Se sentó en los escalones aunque su aspecto y su edad no acompañaran a un gesto así. Era noviembre y el frío intenso. Miró el reloj. Había llegado pronto. A los veinte minutos que faltaban para la hora acordada, tendría que añadirle otros tantos por el retraso con el que estaba seguro que llegaría.
Había cruzado la ciudad pensando en los más de veinte años transcurridos desde la última vez que se vieron. Parecía que nada había cambiado. En la plaza, las mismas terrazas, al fondo el puente. Desde ahí podía ver la puerta de la galería.
¿Existió 1986? La pregunta no necesitaba respuesta, sabía que existió, por eso estaba allí. Las primeras gotas de lluvia tapizaron el suelo, como entonces. Caminó con las manos en los bolsillos, el cuello encogido y cruzó la calle para sentarse a resguardo. Esperar a veces no tiene sentido, pero otras, cobra todo el del mundo, y dos minutos pueden transformarse en una vida entera. Ocupó una mesa dejando la puerta a su espalda; enfrente, un enorme ventanal desde el que veía con claridad las escaleras.
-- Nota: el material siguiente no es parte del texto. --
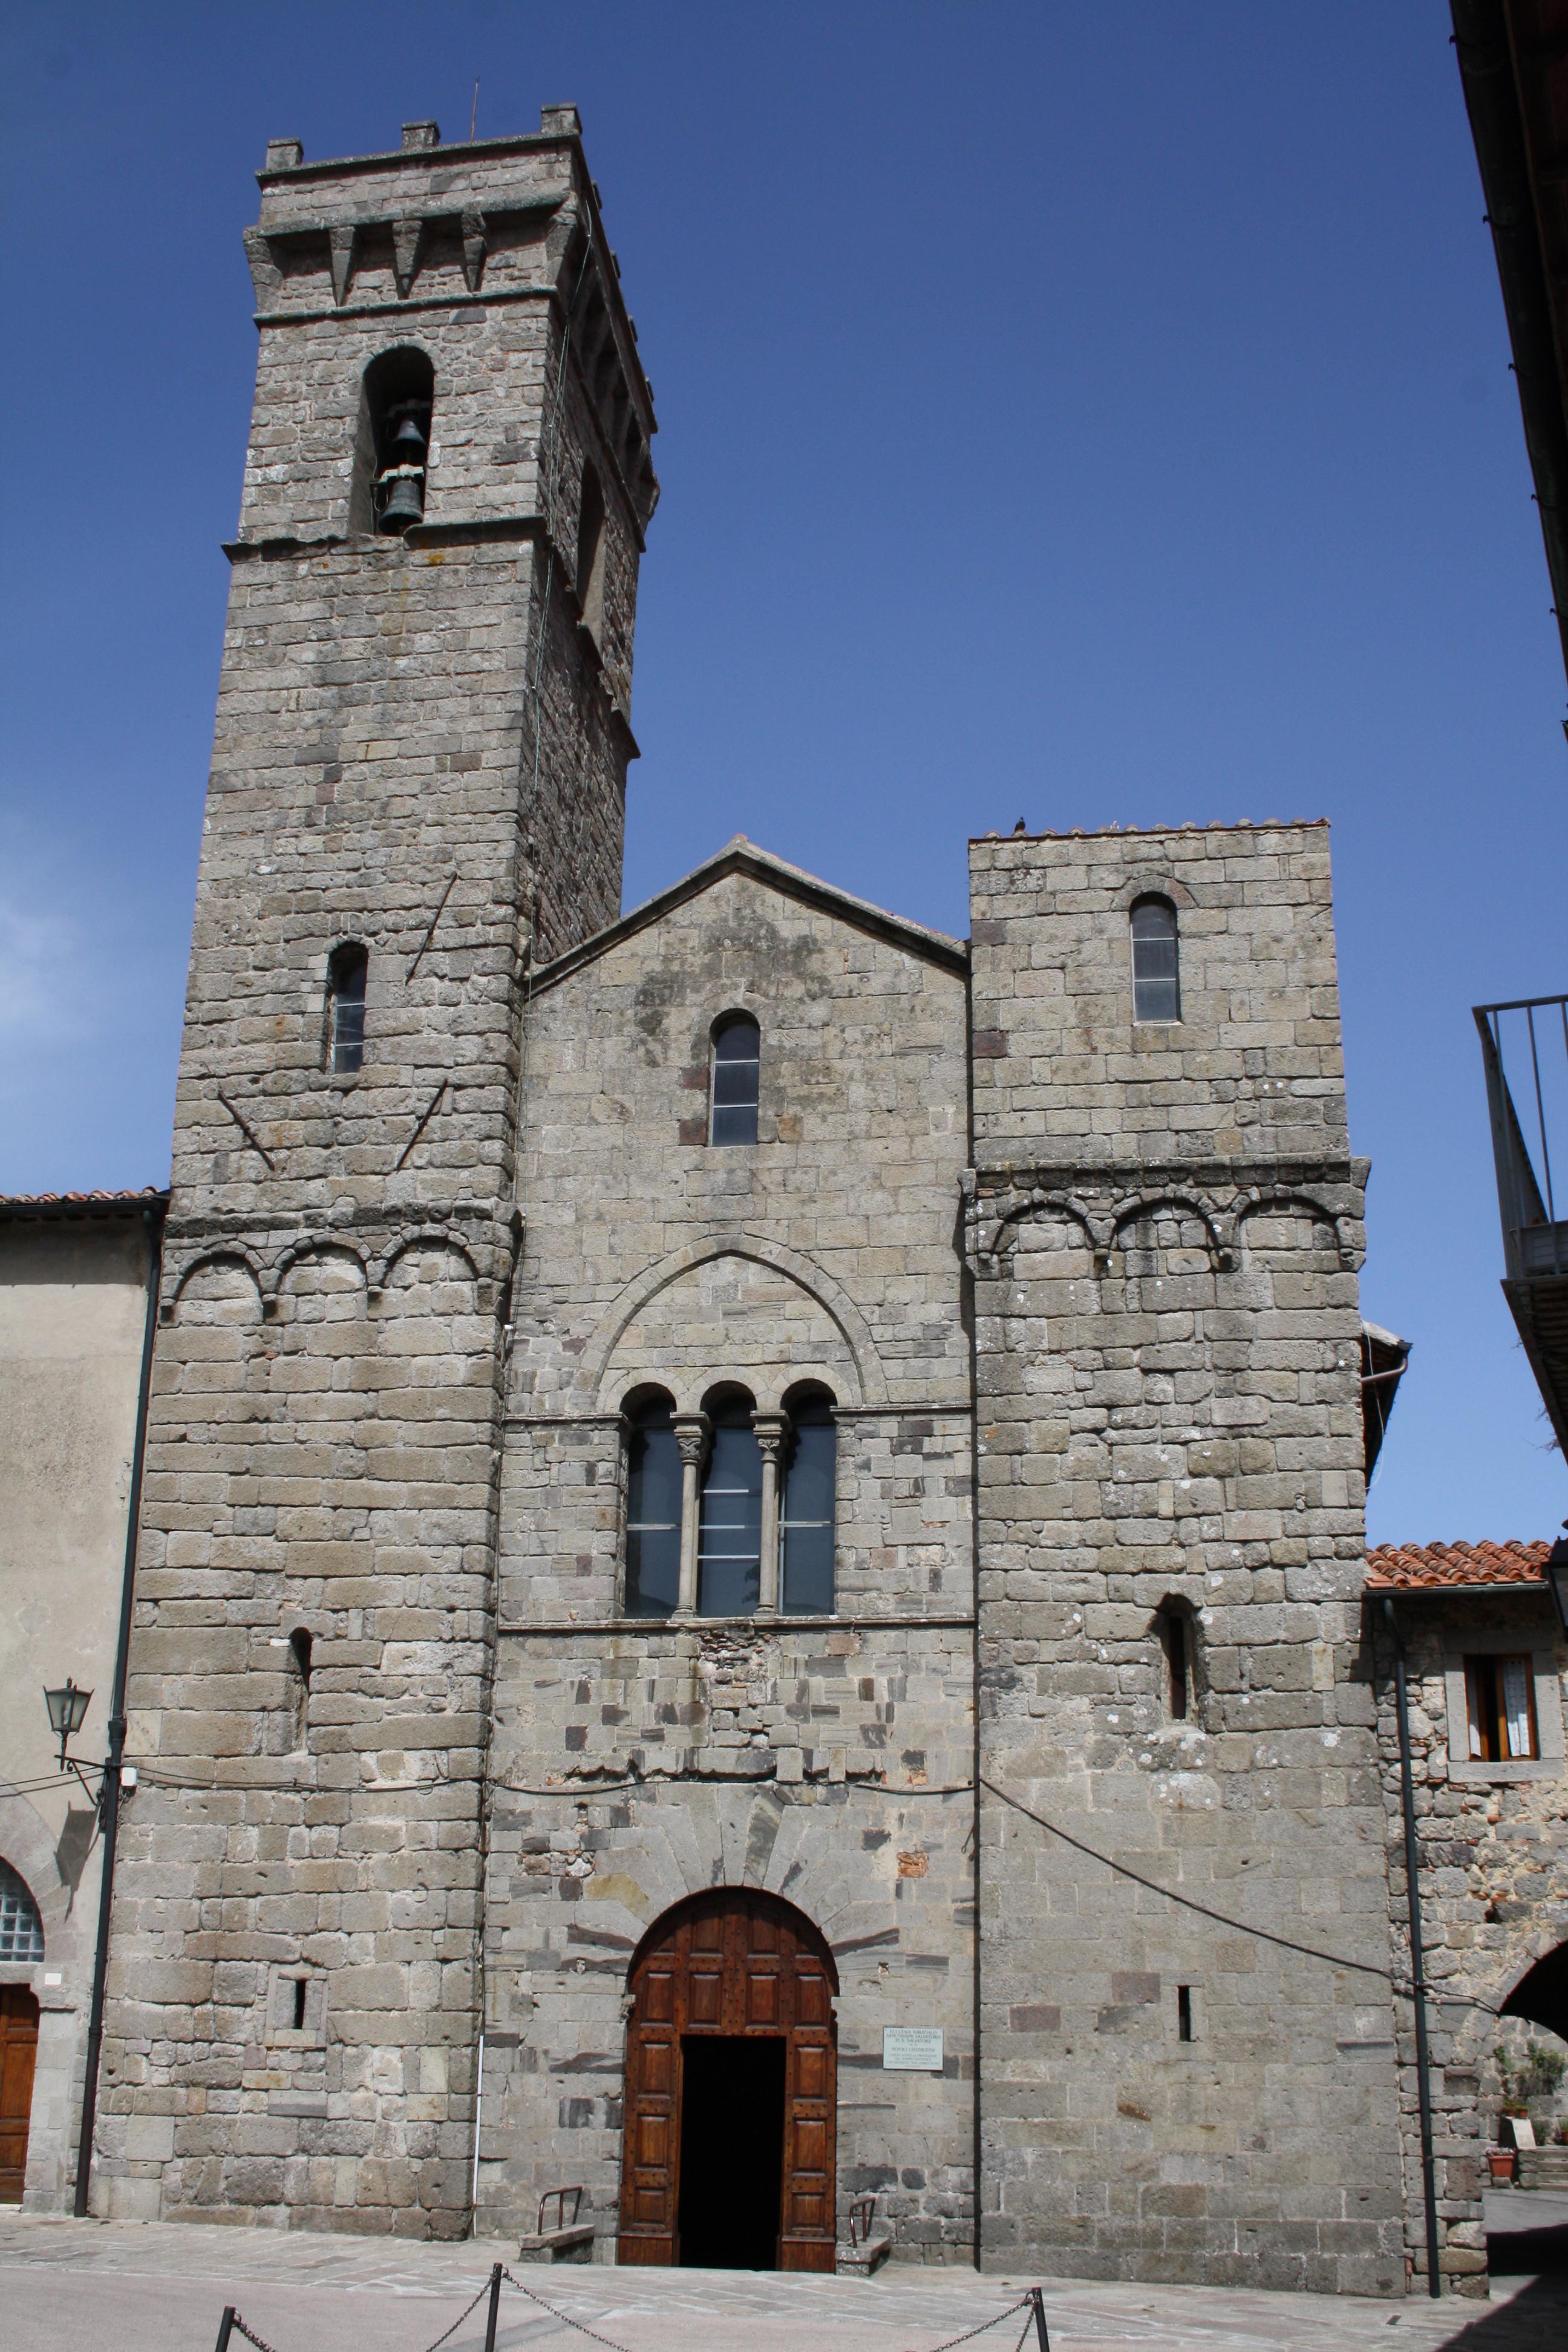 Abbadia San Salvatore, Abbazia San Salvatore di Monte Amiata

Desde que el mundo es mundo, la simbología existe. No se le hizo extraño ver a aquella mujer que se apostaba en el primer escalón de aquella larga escalera. Un gorro de lana rojo, un abrigo oscuro, y las brazos apretados contra el pecho mirando a un lado y al otro de la calle. Sonrió pensando en que la imagen le era familiar. Los años se diluían esperando, tras una taza de café y el vaho tibio de un aliento que se quiebra. También él esperó a una mujer de gorro rojo.
No oyó la puerta, ni siquiera cuando se le acercó. Sólo escuchó que alguien preguntaba si por ahí pasó 1986 y sentía una mano sobre su espalda. Los dos revivían en un cuadro de Tiziano y en un libro de Platón.